Could you give again exactly, and only, the lines from the one holding "An infection in" through the end of the data, both ends included, with pictures left out?

Information supplied —
== Segment start ==

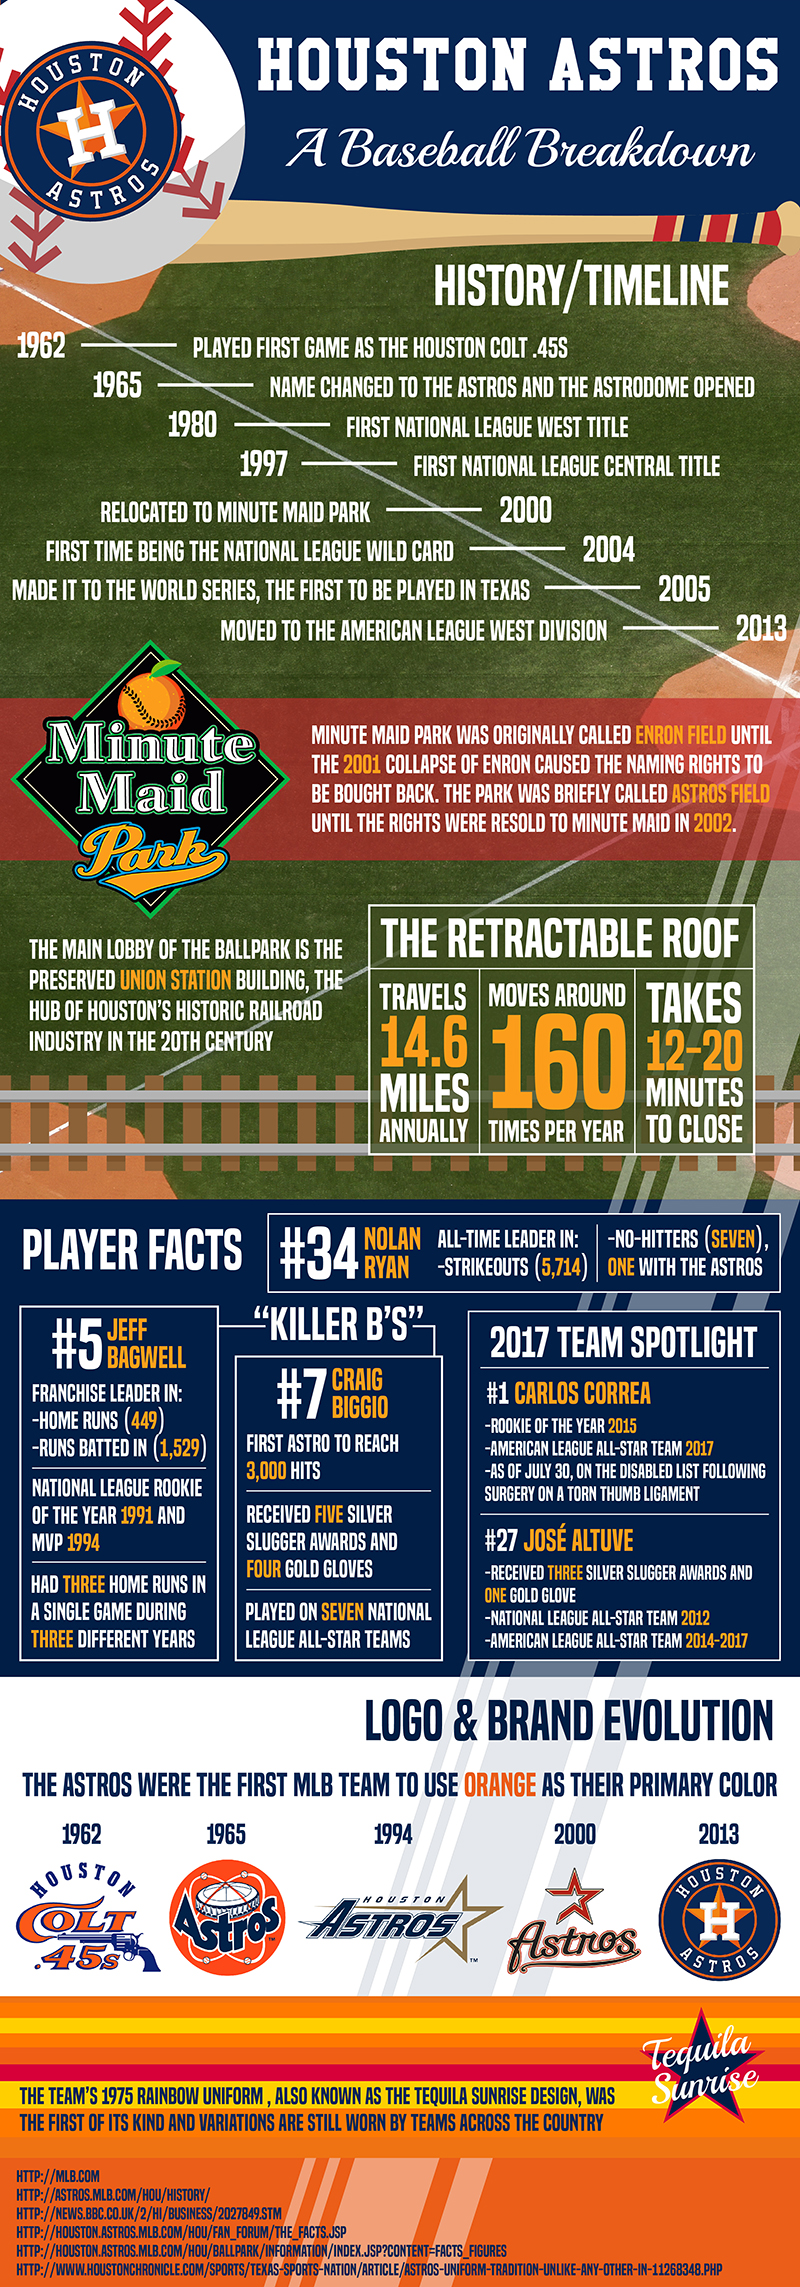 GRAPHIC: An infographic about the history of the Houston Astros, Graphic created by The Signal online editor, Krista Kamp.
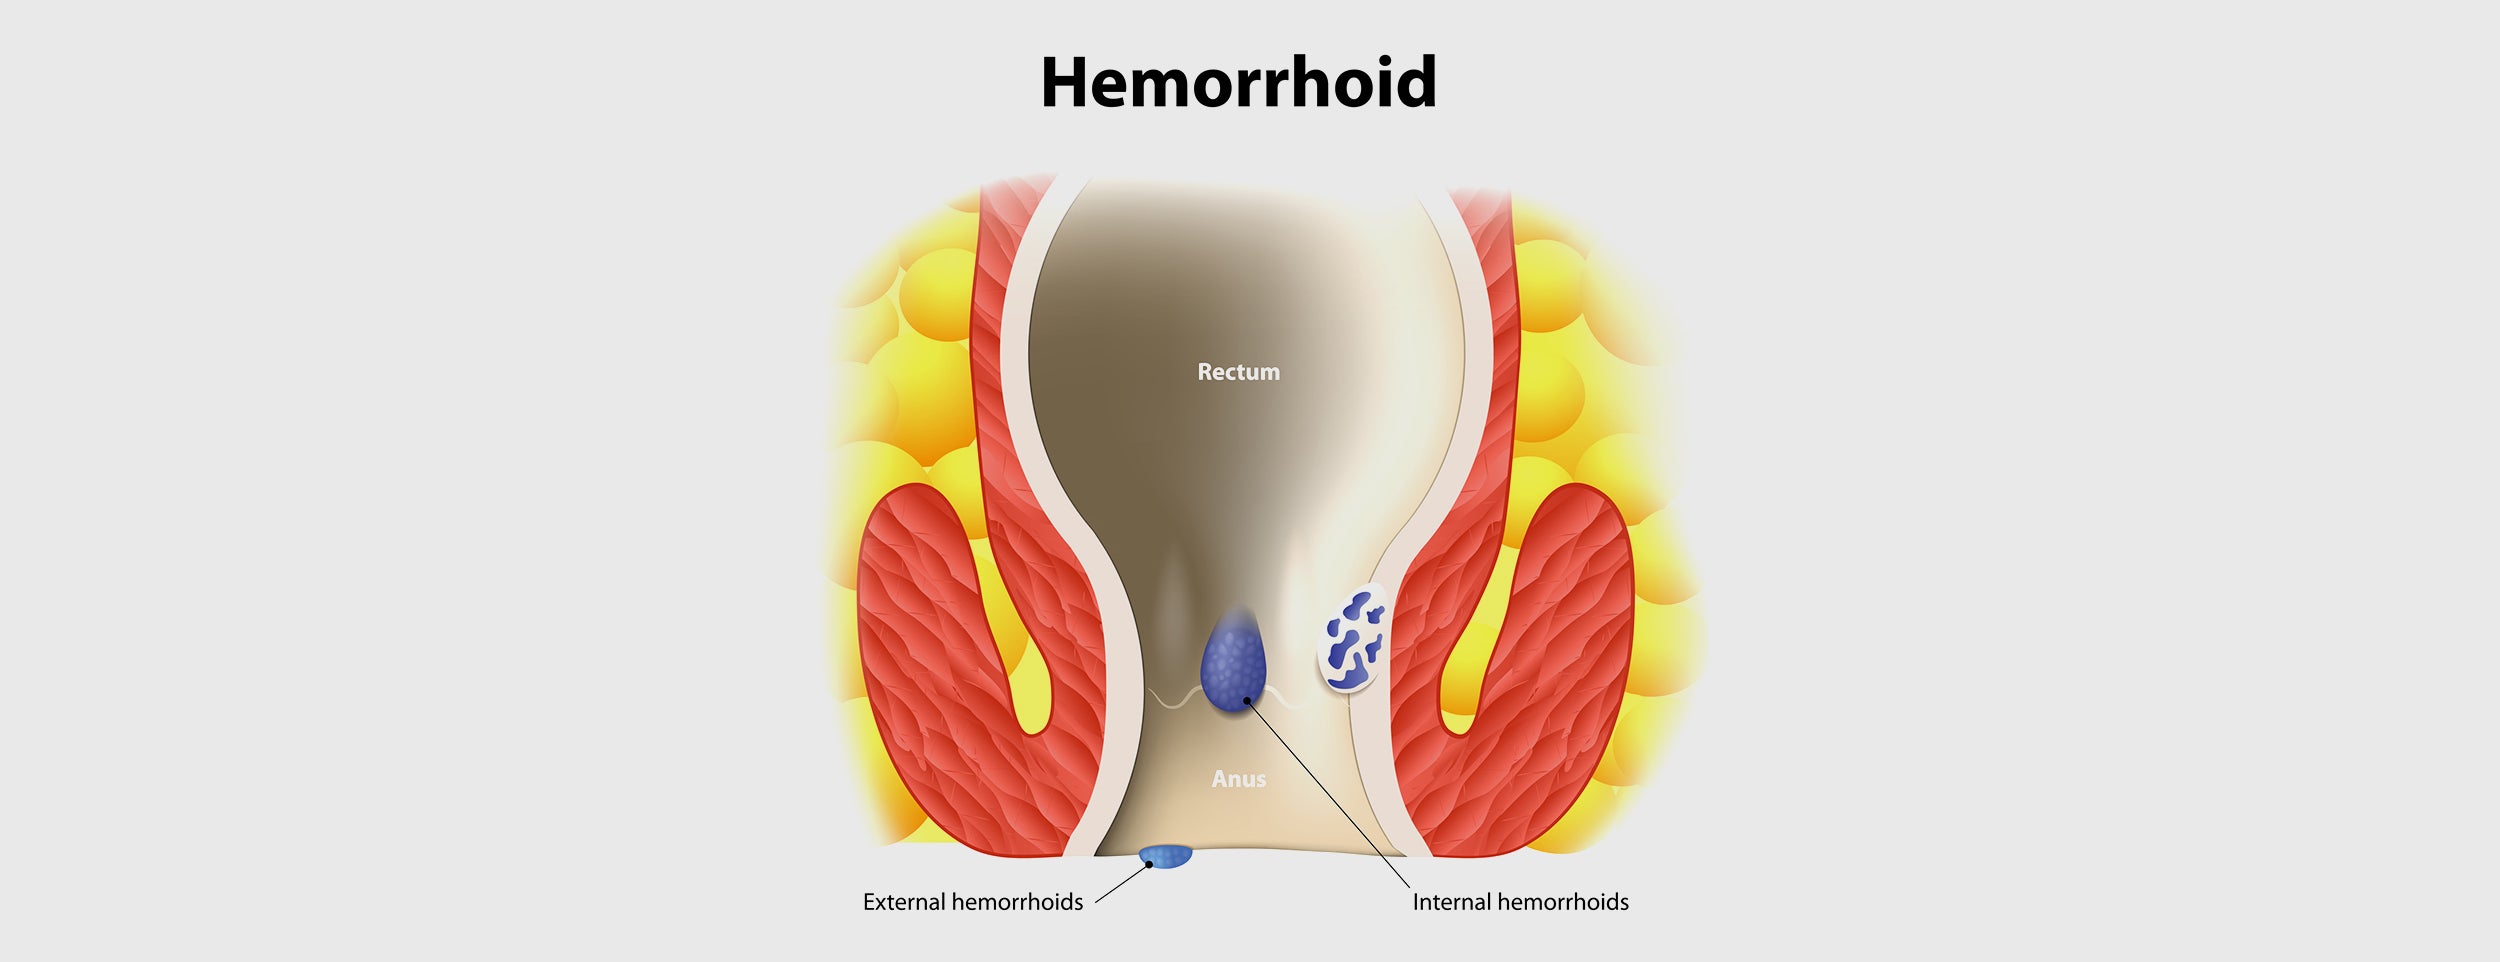 An infection in the anus caused by a hemorrhoid abscess
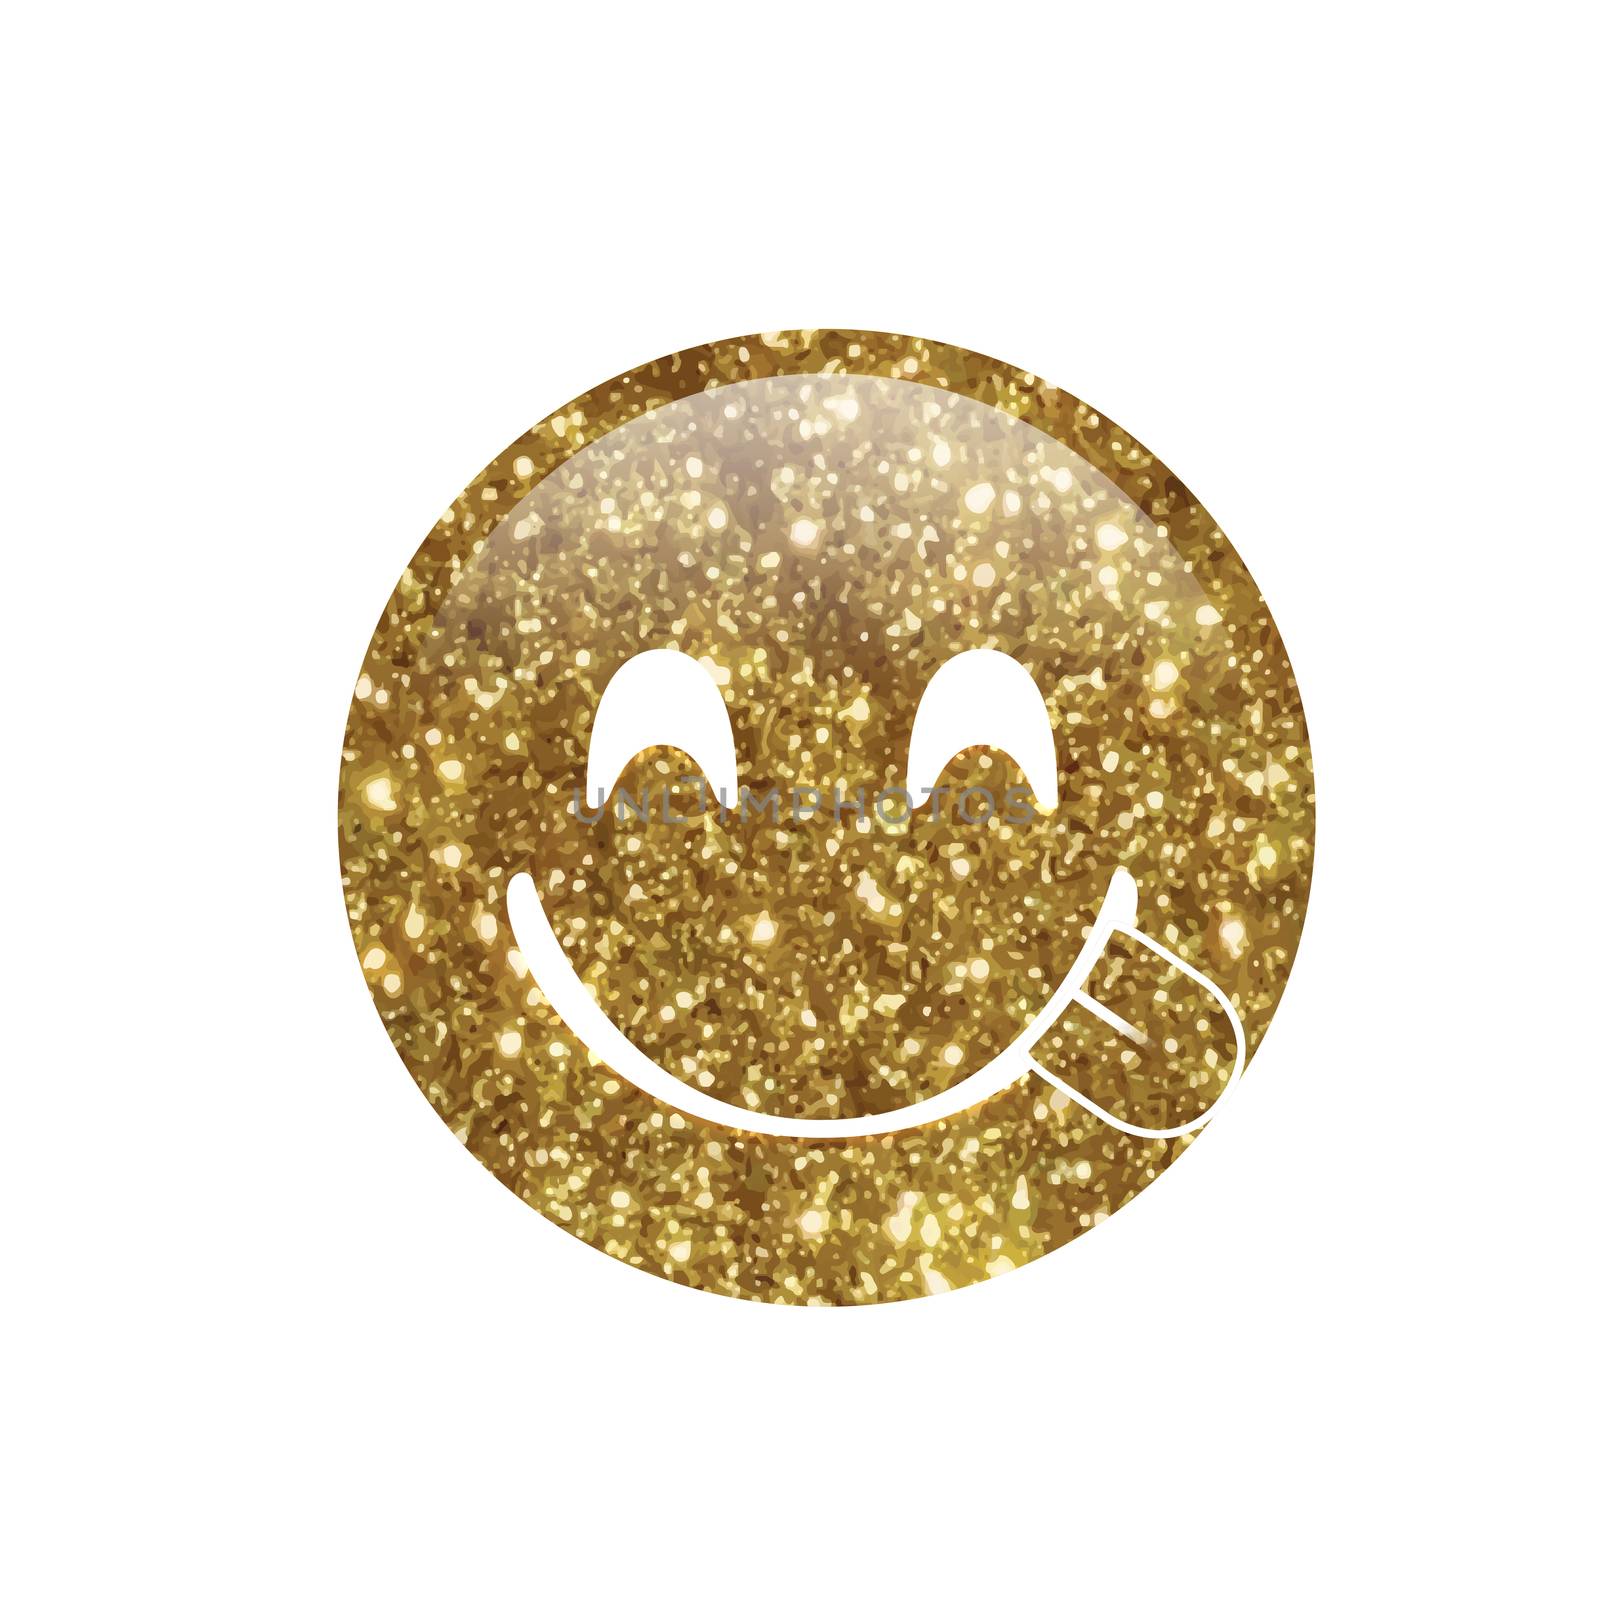 Glitter golden smiley and tasting food face with tongue out icon by cougarsan

== Segment end ==

Exercise answer —
 An infection in the anus caused by a hemorrhoid abscess
 Glitter golden smiley and tasting food face with tongue out icon by cougarsan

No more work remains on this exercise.